Yep. Happily, their ranks have thinned considerably in the last 4 years:)
This article is remarkably poorly written. Of course the US military could easily overcome the forces of Iraq and Afghanistan, and they did. What they couldn’t do is indefinitely occupy and easily prop up puppet governments. This is so because insurgents can trade their lives for out money. Each piece of equipment and each USican life Costa us loads, and at some point it stops being worth it. Similarly, they also trade lives for negative MSM coverage back home, which more than the cost is what lost us Vietnam.
However, this was always so. How silly for this article to pretend differently. The big difference between now and before is that rich countries don’t fight eachother anymore, so all wars have the flavor of colonial wars. If we went to war with China—forgetting nukes for a second—it’d be like WWII again. The reason the big guys don’t fight anymore, I think, is nukes. God bless the prospect of horrible destruction.

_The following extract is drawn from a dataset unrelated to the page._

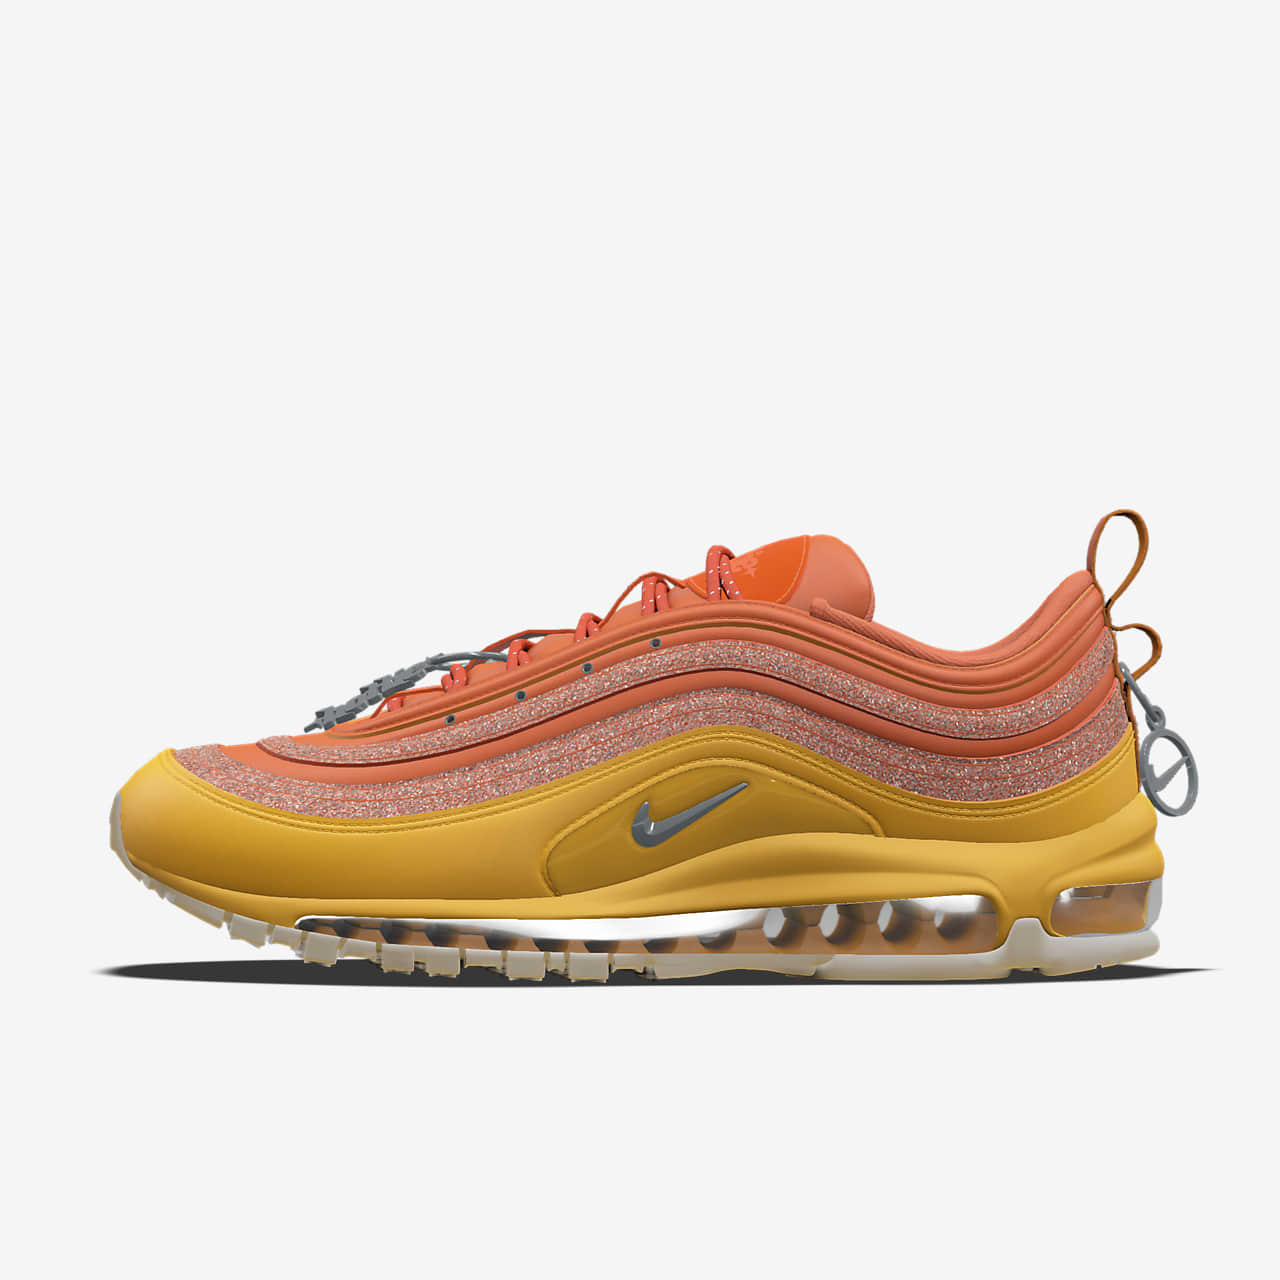 Sapatilhas personalizáveis Nike Air Max 97 "Something For Thee Hotties" By You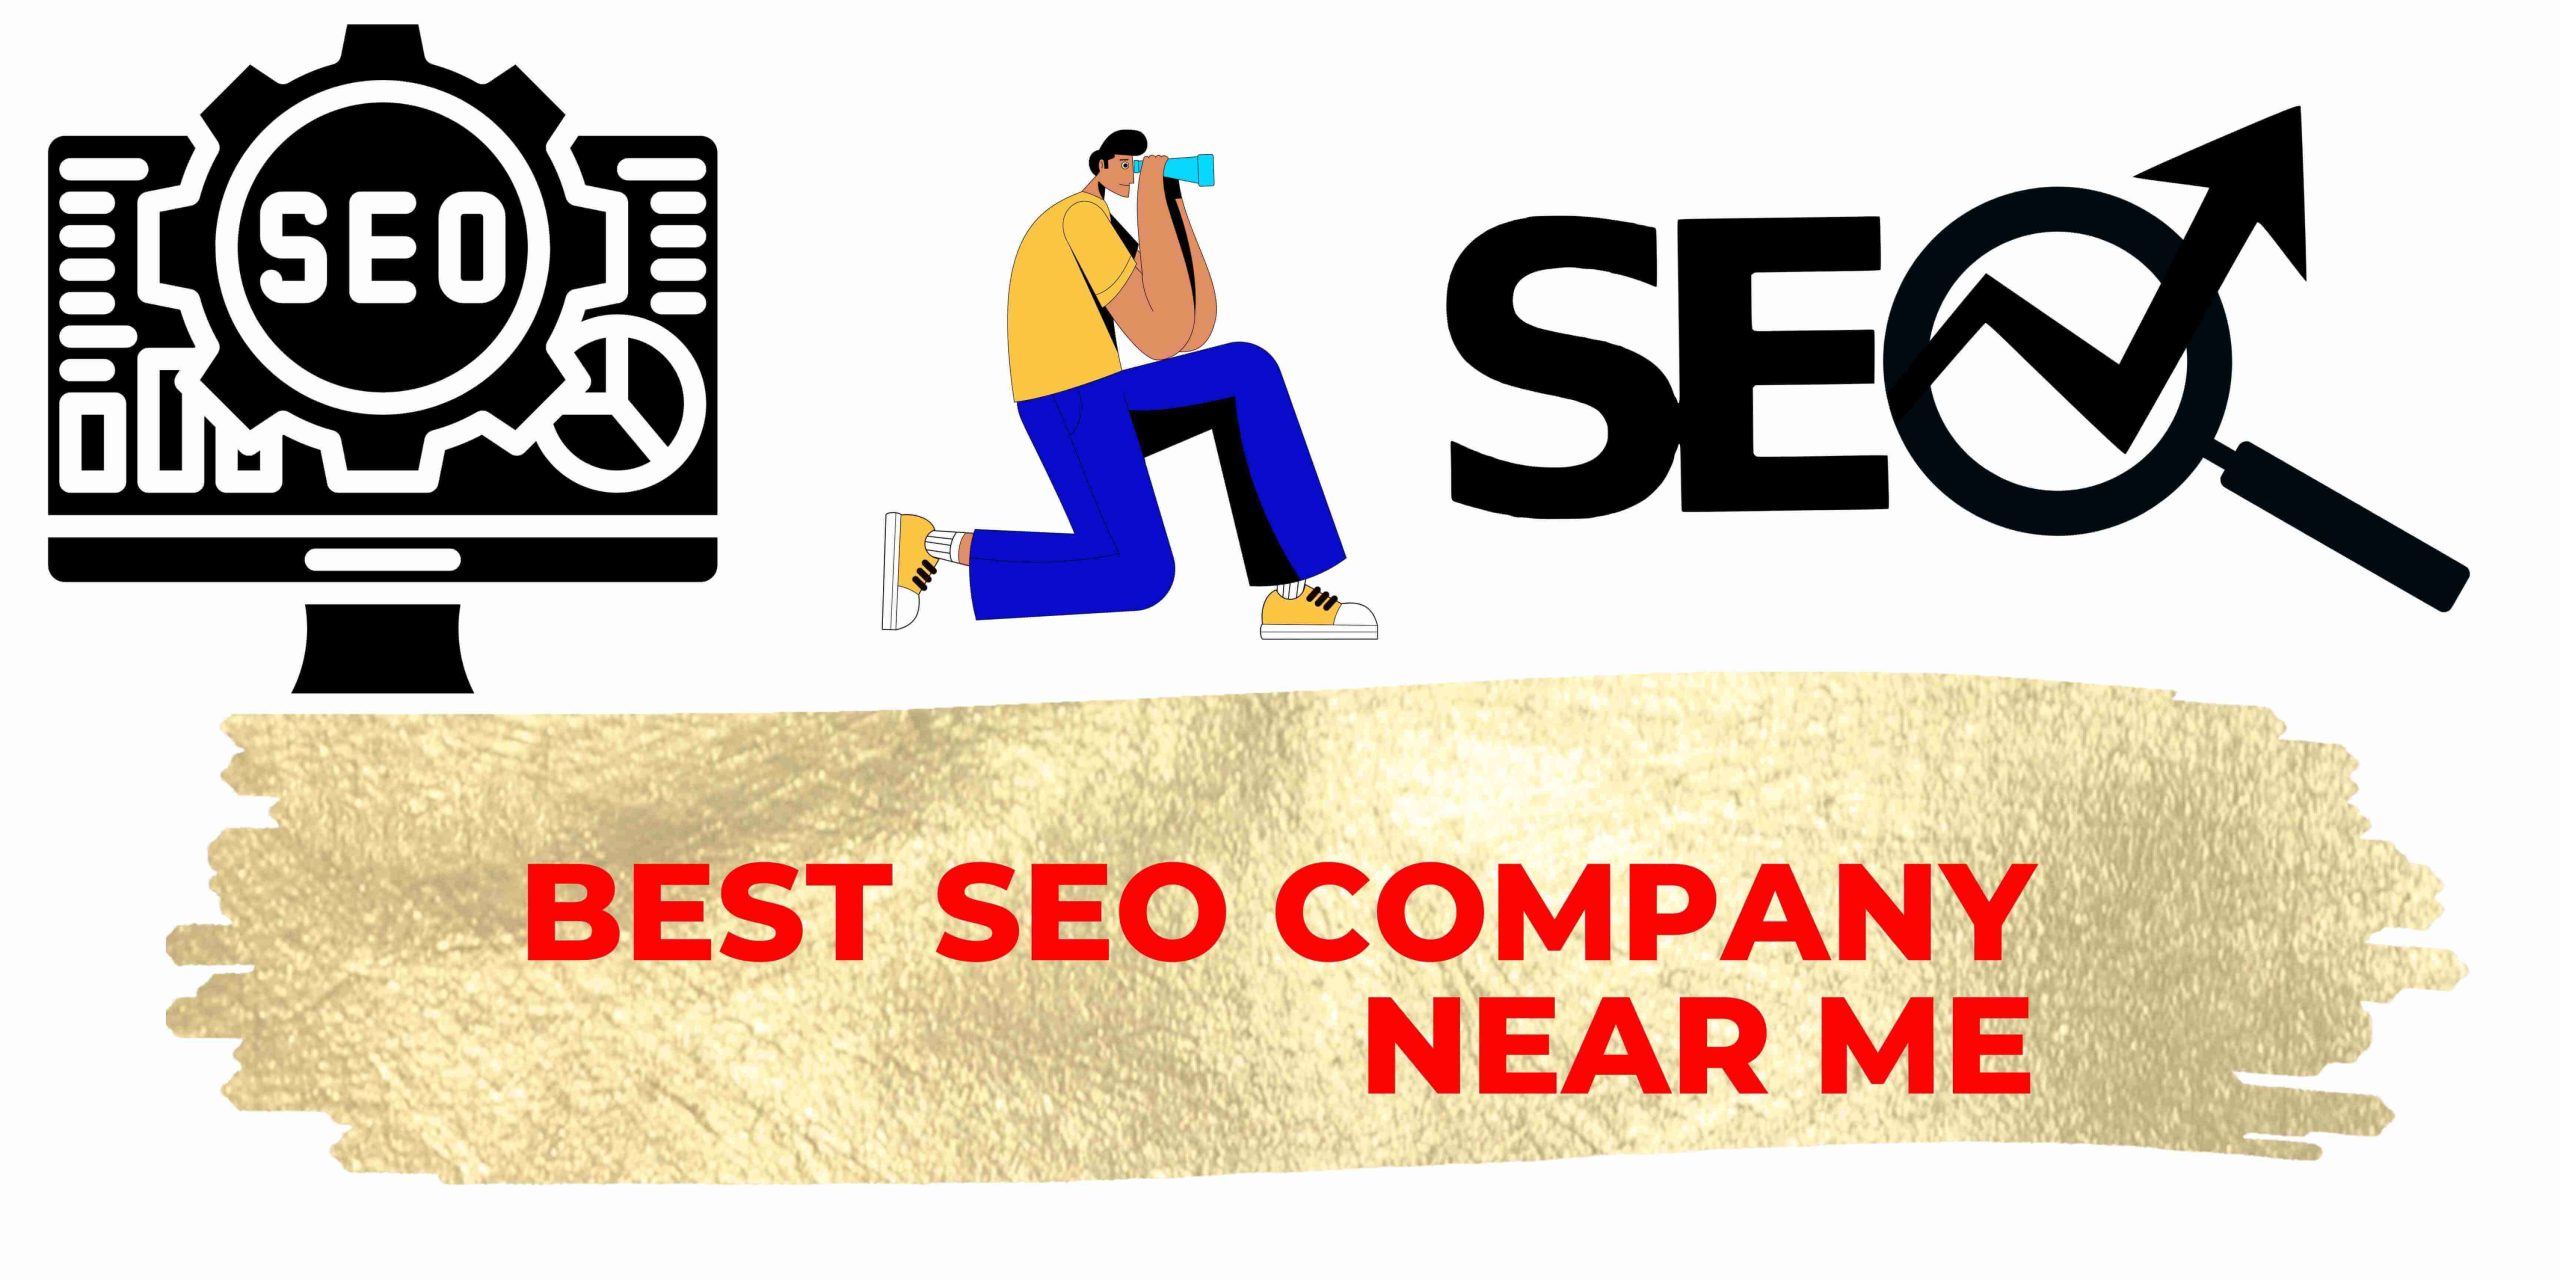 alt="steps to find the best seo company near me"

The Civil War was carried on by other means, according to a certain interpretation of Jesse James, the KKK, moonshiners versus revenoors, etc.
After that, the tide will turn rapidly.
Yes, but never to a level approaching that of even a small but robust insurgency.
I wouldn’t call it going gaga, but rather sober reflection and assessment.
This has nothing to do with Dorner. If authorities were after the devil himself I wouldn’t allow them more license than for the next suspect. You trivialize wrongs done by the cops by framing it as us worshiping the irrelevant Dorner.
And monkeys may fly out of my butt.
I believe that Lee was trying to get Britain to intervene, to come in on his side. Had he done what you suggest, it would have been very different, wouldn’t it?
I don’t know how that would have worked with Sherman though.
This article, despite the headline, had nothing good to say about Dorner. It wasn’t really even about that guy. It was about how unprepared and unable this country is going to be to fight an asymmetrical civil war should it try to confiscate firearms and shred the second amendment.
The article suggests that a lot of people are a lot more loyal to the second amendment and the Constitution than they are to the government itself.
You don’t understand “collateral damage.” The ambushing and killing was not collateral. It was deliberate murder.